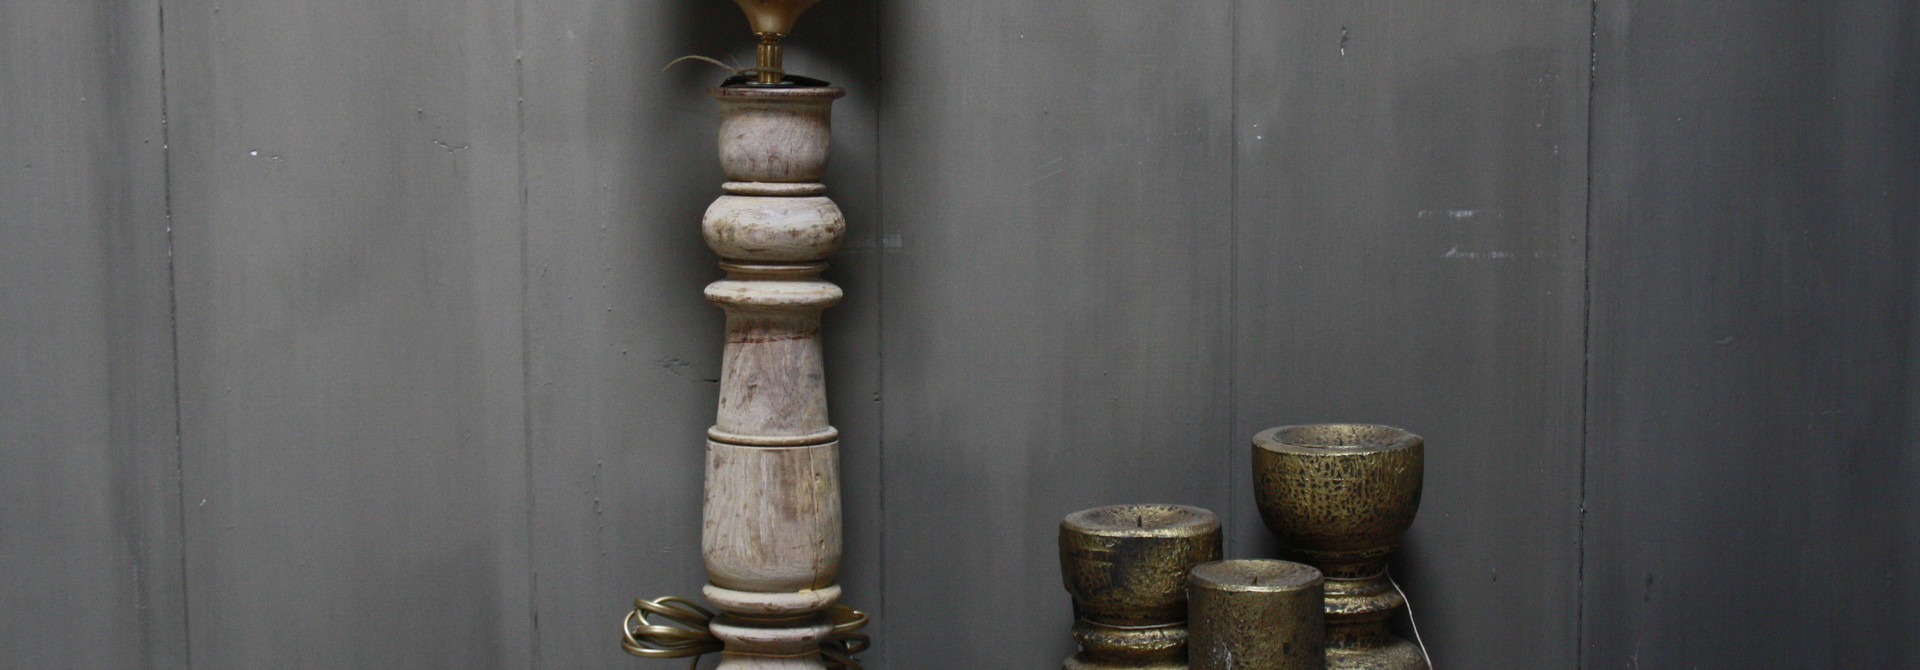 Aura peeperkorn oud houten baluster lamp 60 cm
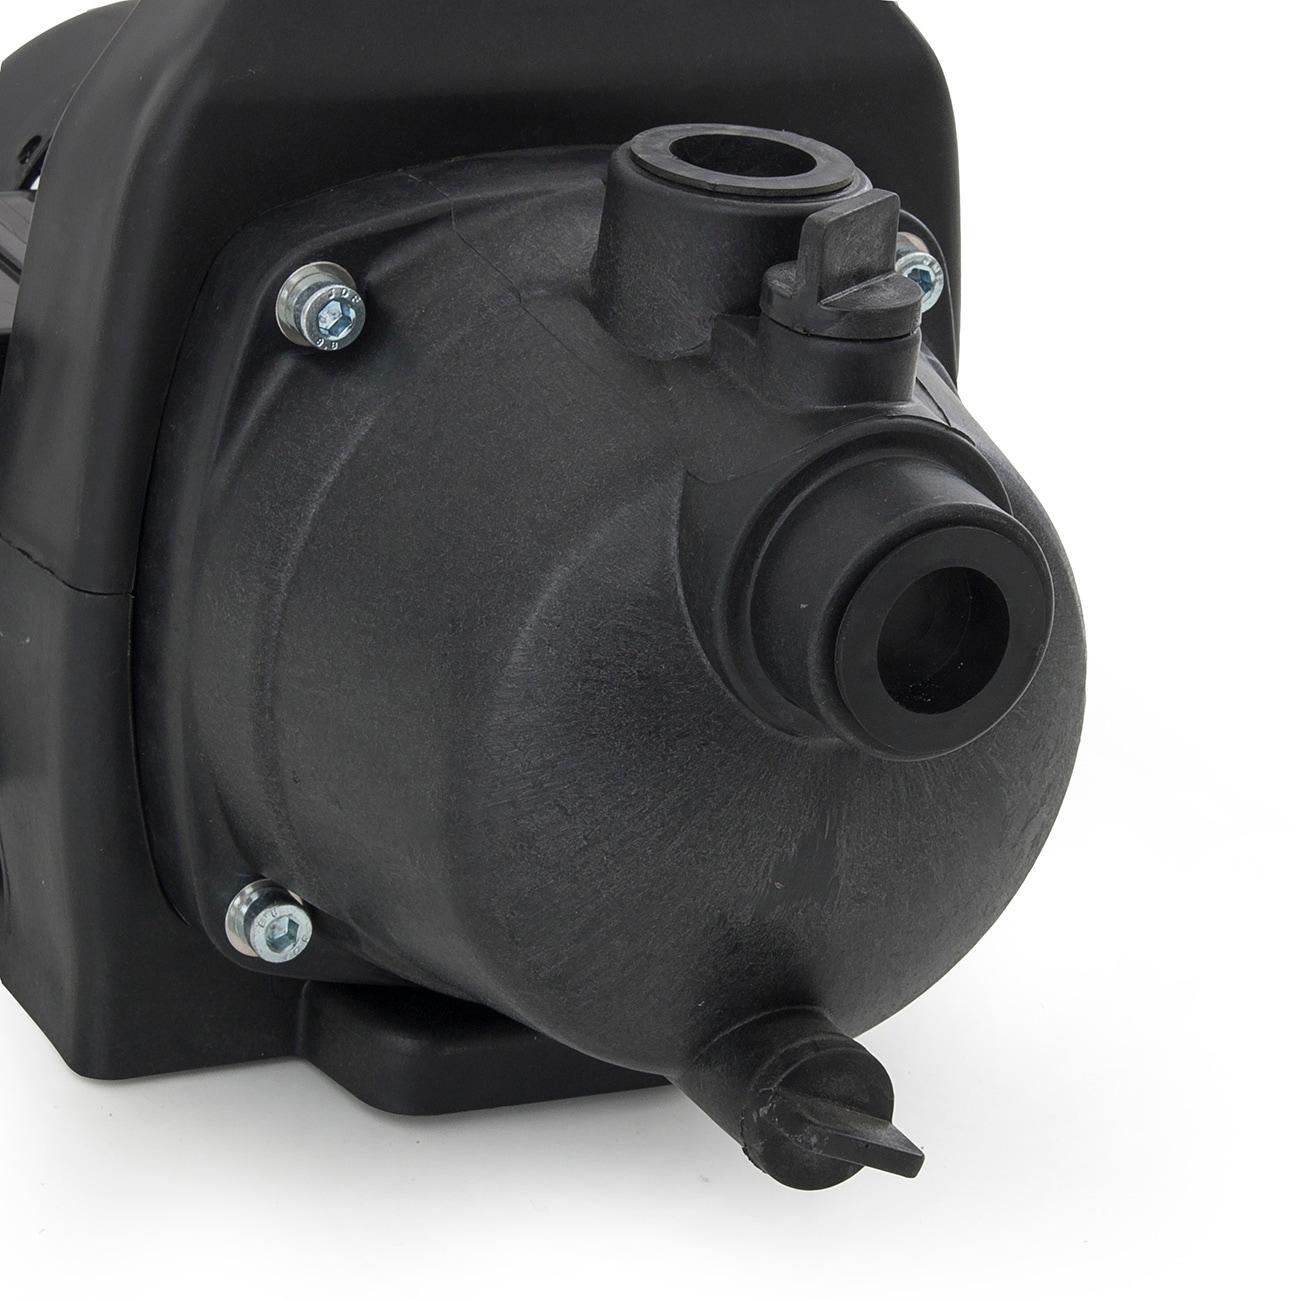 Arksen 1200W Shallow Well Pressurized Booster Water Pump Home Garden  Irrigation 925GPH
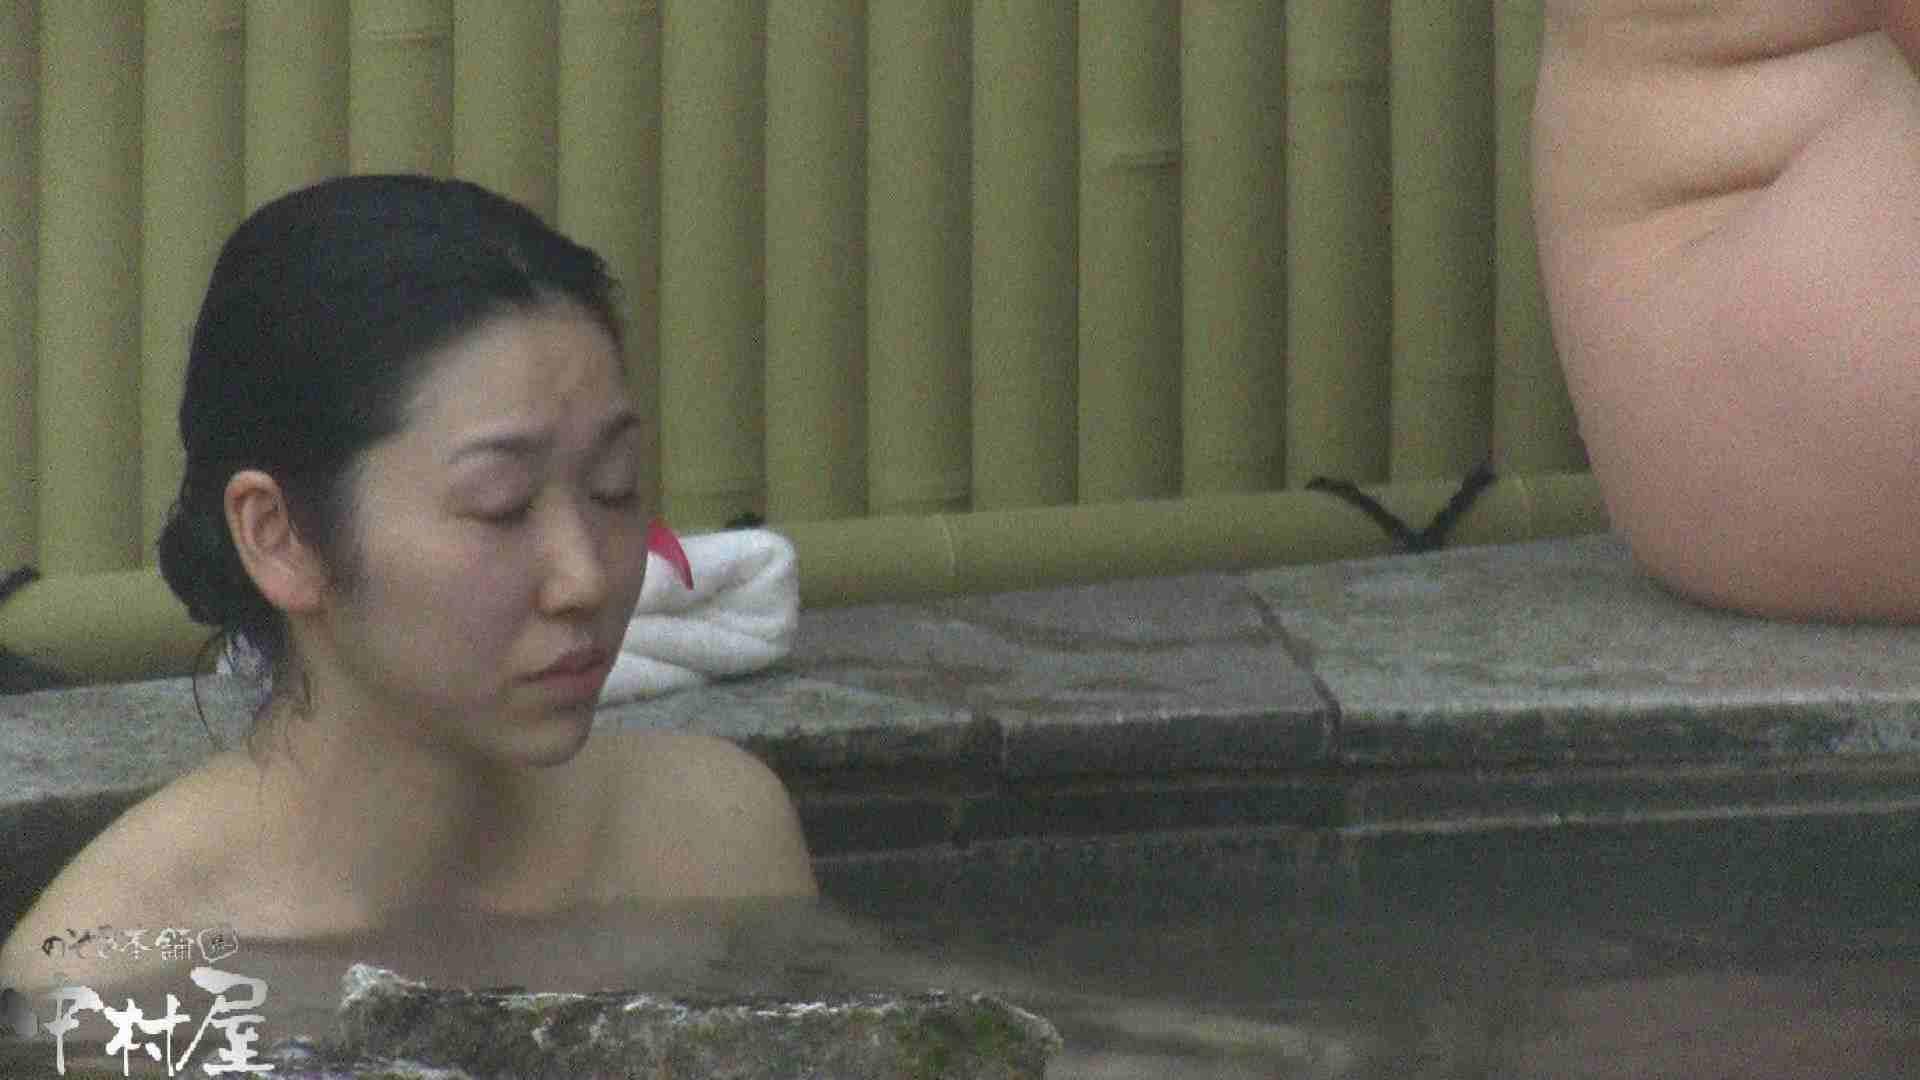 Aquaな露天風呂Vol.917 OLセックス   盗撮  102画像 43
.....
### Description of the task
Reproduce the data above exactly, leaving each picture out.

### Response to this exercise
 Aura peeperkorn oud houten baluster lamp 60 cm
 Arksen 1200W Shallow Well Pressurized Booster Water Pump Home Garden  Irrigation 925GPH
 Aquaな露天風呂Vol.917 OLセックス   盗撮  102画像 43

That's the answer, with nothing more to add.